DATA VIRTUALIZATION VS. DATA WAREHOUSE

What Is Intelligent Data Virtualization And Why Do You Need It

*Editor’s note: This is an update to the “Why You Need An Advanced Analytics Fabric ” post we published a while back. This update expands on the challenges of a traditional data warehouse and outlines the 10 requirements of intelligent data virtualization.*

The movement of analytical workloads to cloud data warehouses such as Google BigQuery, Snowflake, Amazon Redshift, and Microsoft Azure SQL Data Warehouse is a trend that will only continue to grow. The performance and cost benefits of these cloud providers compared to legacy data warehouses like Teradata or distributed systems like Hadoop are too great for decision-makers at the world’s largest enterprises to ignore. However, cloud transformation is a challenging multi-year process for even the most nimble enterprises, and there are doubts about whether all data will live in the cloud in the foreseeable future.

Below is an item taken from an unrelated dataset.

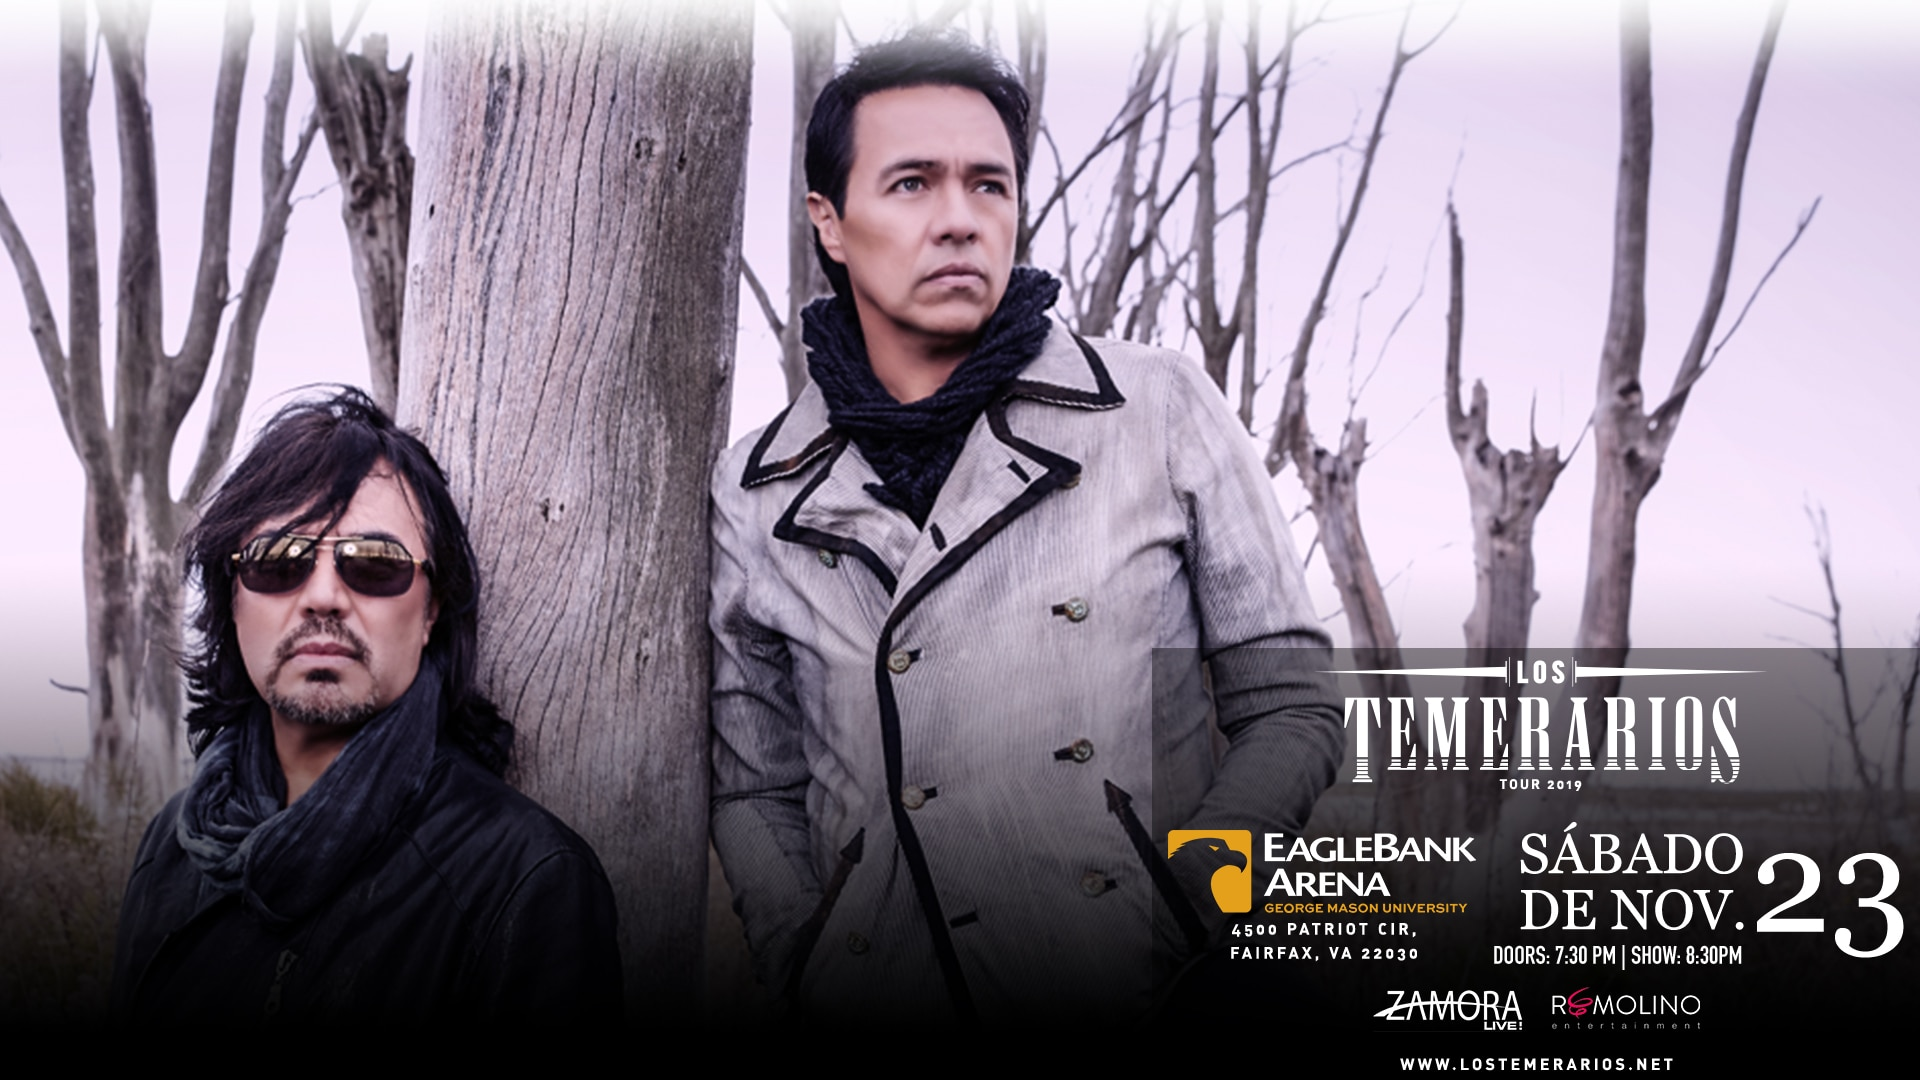 Los Temerarios  2019 Tour

Hybrid cloud environments, meaning a combination of cloud and on-premise data warehouses, are the likely corporate standard for data management over the next decade.

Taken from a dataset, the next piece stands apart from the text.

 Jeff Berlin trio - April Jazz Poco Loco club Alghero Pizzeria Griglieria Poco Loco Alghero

While the hybrid cloud represents an improvement from on-premise data environments, it has its challenges:

  • It can still be slow, cumbersome, and expensive to maintain both traditional on-premise data warehouses and multiple online data sources.
  • Migrating to new data repositories can be disruptive for business users who have time-critical analyses to conduct.
  • Curation and management of siloed data is a drain on resources, and the proliferation of BI tools, with each department and business unit nurturing local favorites with different interface requirements, make getting consistent and accurate answers to questions across groups challenging.
  • With data in multiple locations and stored in multiple formats, end users are forced to know where to get the data they need, translate it into a common format and combine it together across locations and data platforms.

The solution? What businesses need is a solution that intelligently virtualizes all their siloed data into a single, unified data view from which a variety of BI tools can get fast, consistent answers. AtScale’s A3 solves the critical challenges facing companies with large data warehouses looking to move to the cloud.

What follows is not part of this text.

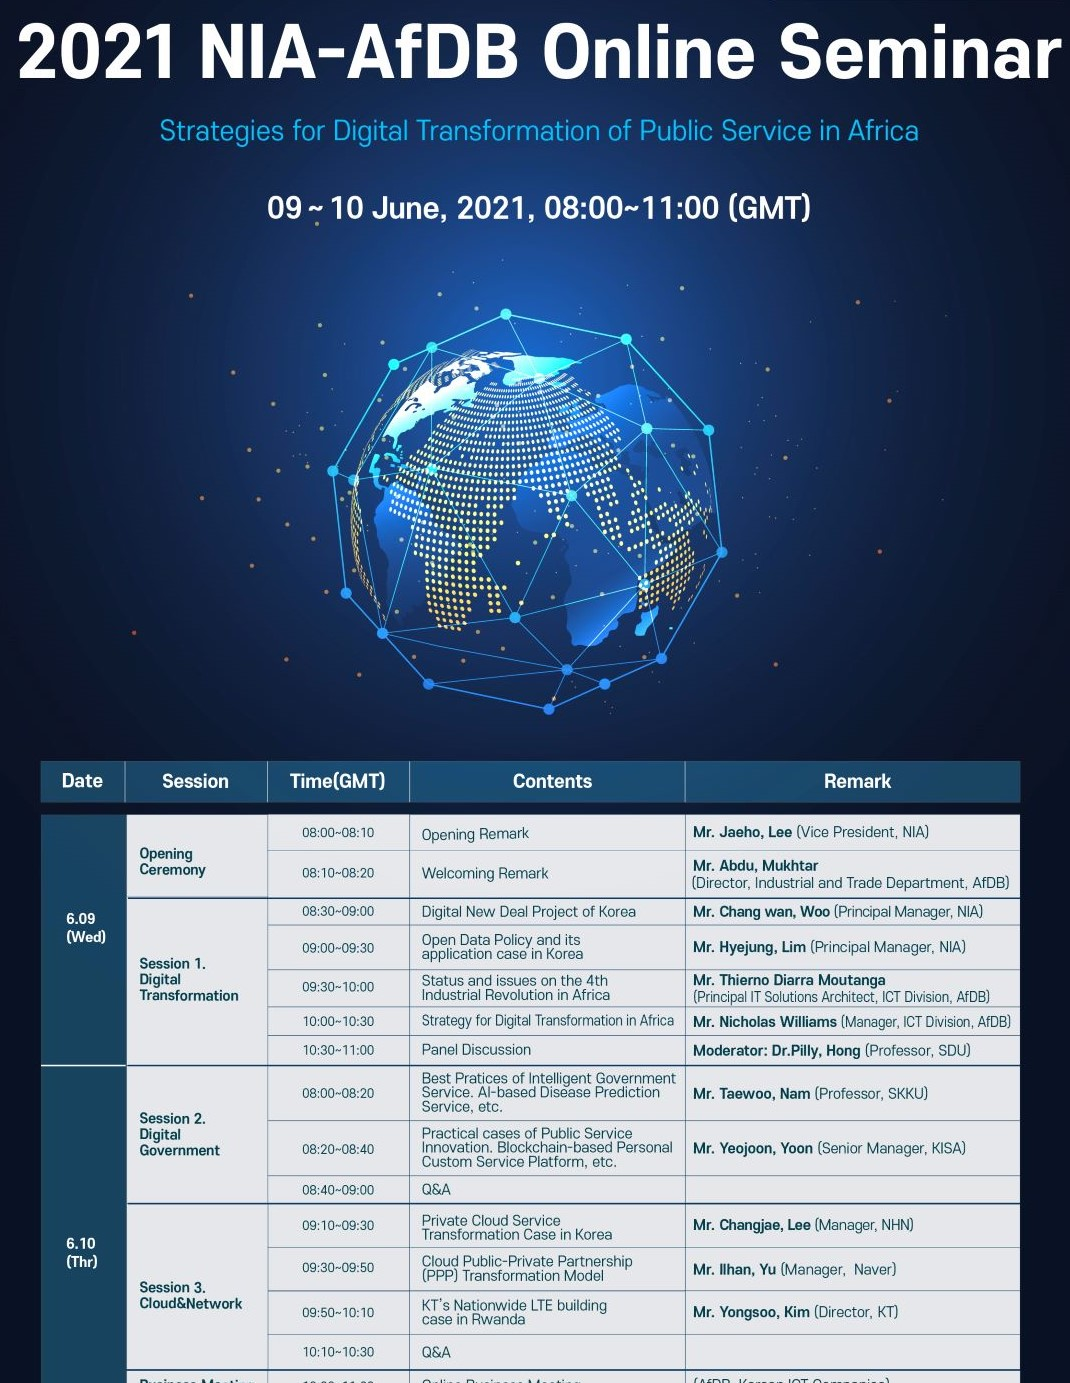 NIA-AfDB ICT Online Seminar : Strategies for Digital Transformation of Public Services

Intelligent Data Virtualization Defined

Intelligent data virtualization is a collection of data from a wide variety of sources that is used to drive business decisions. Unlike a physical data warehouse, intelligent data virtualization does not require data to be stored in a single location. It intelligently virtualizes an organization’s siloed data into a single, unified data view from which a variety of BI tools can get fast, consistent answers. Data is queried in its native form “as is” but appears as a unified data warehouse to users.

The birth of the relational data warehouse in the eighties drove an enormous amount of innovation and revolutionized the way businesses managed data. Making data available to users in one place with a standard query interface (SQL) was a game-changer. The ability to correlate and blend data from different physical systems created new opportunities to improve business operations and create value. Virtualizing the data warehouse is the next step to enabling enterprises to leverage their data with more agility and scale.

The Challenges of a Traditional Data Warehouse

Housing enterprise data in a single location is definitely preferred by users. The ability to join data sets that live in different physical locations without programming is a huge time saver. However, while running analytics and data pipelines, moving large amounts of raw data into a single data warehouse presents the following challenges:

  • Data is too big and too volatile to process and load in one day.
  • Data is not relational (log files) so storing it in a relational database was unnatural and required lots of manual ETL engineering.
  • Users needed access to granular, atomic data but the data could not be stored at this level due to cost and size constraints.
  • Users needed access to new types of data and analytics but it required weeks or months to make it available to them.
  • Users wanted to use a variety of tools to access data (Tableau, Qlik, Microstrategy, Excel, custom applications) but data warehouses aren’t always suitable requiring data to be moved out of the data warehouse for each individual tool.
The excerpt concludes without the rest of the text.